Italian football club

Gela Calcio, commonly known as just Gela, is an Italian association football club, based in Gela, Sicily, that plays in Serie D.

==History==

Logo of Gela JT, used until 2006

The club was founded in 1975 and refounded in 2006 and 2011. Gela played 2005–2006 in Serie C1/B, but, following the bankruptcy of the club, a new society, with the current denomination, was admitted to Serie C2.

Following financial troubles it was refounded as Gela Juve-Terranova in 1995, after the merger between the old Juventina Gela and Terranova Gela, a minor team from the city and with the current name in 2006.

Gela has gained some popularity in 2005 because of its commitment against the racket, in one of the cities of Sicily where the Mafia is strongest.
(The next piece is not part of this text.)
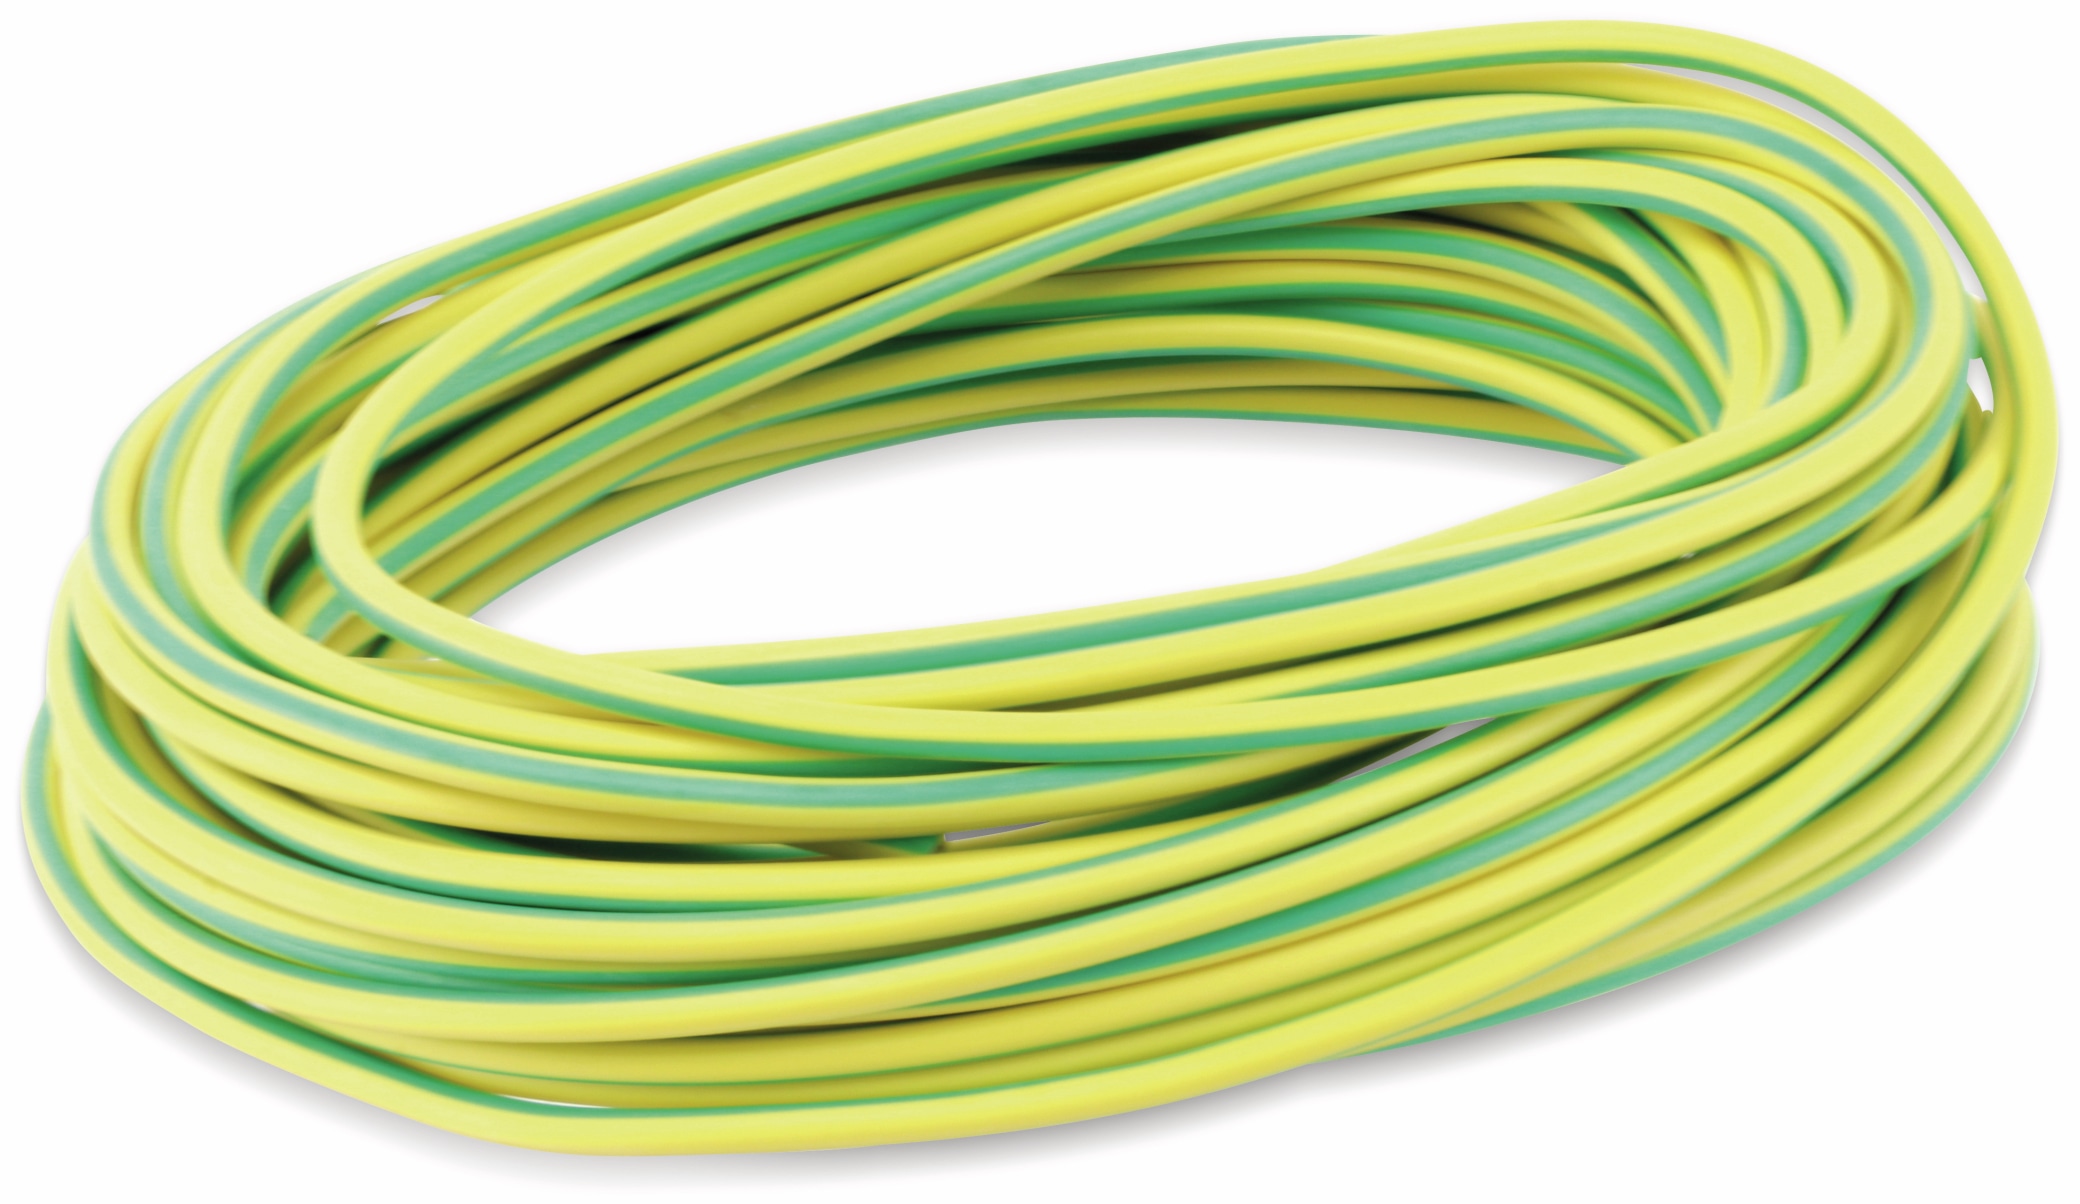 RAUTRONIC Silikon-Litze, 1,5 mm², grün/gelb, 10 m

In summer 2010, Gela Calcio had not won the Lega Pro Prima Divisione, however: the failure of many teams has led the repechage in this league.

In summer 2011, it does not appeal against the exclusion of Covisoc and excluded from all football. However, the club reformed in the same year and joined Terza Categoria Ragusa for 2011–12, finishing at fifth in the Group A of Ragusa division and on 27 September 2012 Gela's application for inclusion by repechage in Group I of Sicilian Seconda Categoria was accepted. The club was admitted to Prima Categoria Sicily before the 2013–14 season.

On 23 February 2014, 4 days before the season ended Gela won the championship of Prima Categoria Sicily Group H and was promoted to Promozione Sicily. On 17 April 2016, Gela won the championship of Eccellenza Sicily Group A and was promoted to 2016–17 Serie D.

On 25 June 2019, the team failed, returning to the Seconda Categoria. In 2020 the team was promoted in Prima Categoria. In 2023 the team is playing in Eccellenza, fifth division in the Italian soccer system.